We are at an interesting crossroads when it comes to investment. Depending on who you are, you could be in a very good place or in a very questionable place. Let’s look at the right place first.
For whatever reason, you’ve been investing for 10, 20, or 30 years. While you might not have invested all of your money in stocks (smart move), you have invested a significant portion of your portfolio in stocks.
It was maybe 30% or 50% or even a lot, a lot more. The rest was in bonds and the like.
Your portfolio has performed remarkably well. Stocks may have taken a vacation a few times (hard to ignore two 50% losses in the first decade of the millennium), but since you’ve owned them you’ve seen a really good comeback.
Even your bonds have performed well as interest rates have fallen over the same period.
Congratulate yourself. As I said, you have come to the âright placeâ to invest. Whether by skill or luck, your wallet is set for the next decade, whether it’s a “good” or a worse one.
But let’s say you are in this dodgy place. You haven’t had much, if any, exposure to stocks in the past ten or three years. You missed a lot of growth.
If you had money in bonds or other fixed income instruments, you may have had a few seasons of good interest rates, but nothing compared to the growth of stocks.

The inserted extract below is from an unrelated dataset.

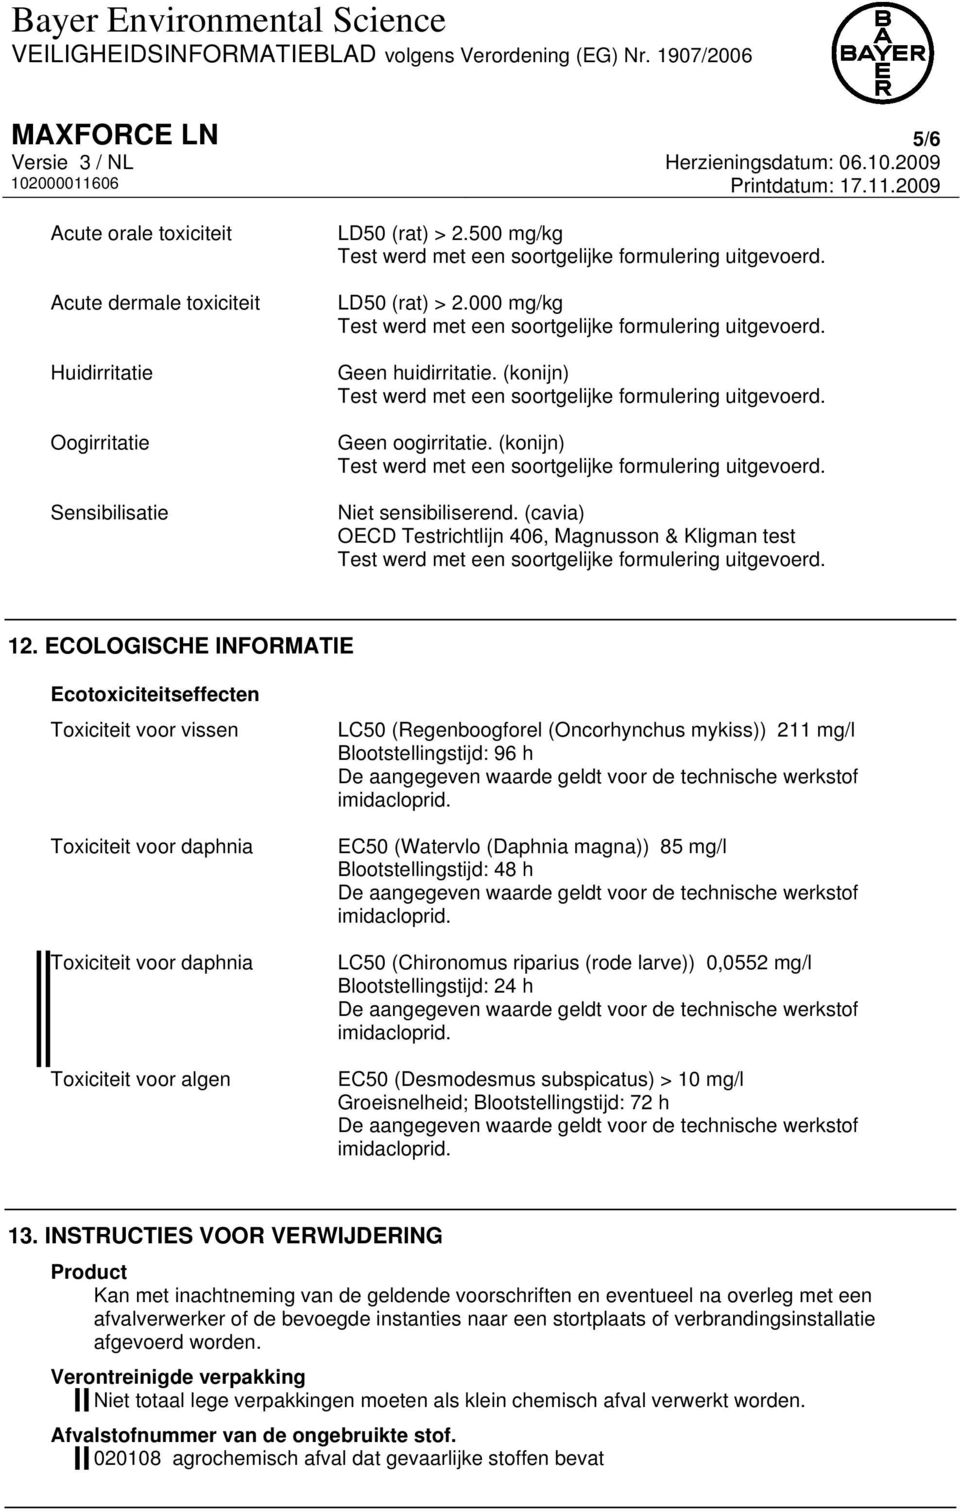 ECOLOGISCHE INFORMATIE Ecotoxiciteitseffecten Toxiciteit voor vissen Toxiciteit voor daphnia Toxiciteit voor daphnia Toxiciteit voor algen LC50 (Regenboogforel (Oncorhynchus mykiss)) 211 mg/l

You are in a bit of trouble. You could (finally) jump on the bandwagon, but with all the mileage driven, the wagon could lose a wheel at any point. And in your case, you won’t return a little of the gains you have enjoyed, you will be sitting on real losses.
Staying in bonds and the like puts you in a pretty bleak interest rate future. You almost have to hope that the Federal Reserve messes up and loses control of inflation, thus pushing up interest rates.
Otherwise, you are fighting a losing battle because government bonds are already priced to give negative real return (interest minus inflation) and most corporate bonds don’t do much better.
This is the same situation that new investors are eagerly awaiting. High stock prices and low interest rates don’t position you for many excess returns over the next several years. It can happen, but don’t count on it.
Now that you’re depressed, let me pick you up a bit. If you have a long time horizon ahead of you, then if the next cycle begins in the downward direction, you have time for future highs to balance everything out.
People approaching retirement have hopefully a few decades ahead of them, so that applies to them as well.
Just be careful not to plan for immediate stellar returns (a good thing to remember for all investors). Polls show that the average person thinks stock returns will on average exceed 15% each year.
Long-term averages being closer to 10%. And these are just averages. From 2000 to 2010, the total return was close to zero.
Plan realistically rather than hopefully.
Gary Silverman, CFPÂ® is the founder of Personal Money Planning, LLC, a Wichita Falls retirement planning and investment management firm and author of Real World Investing.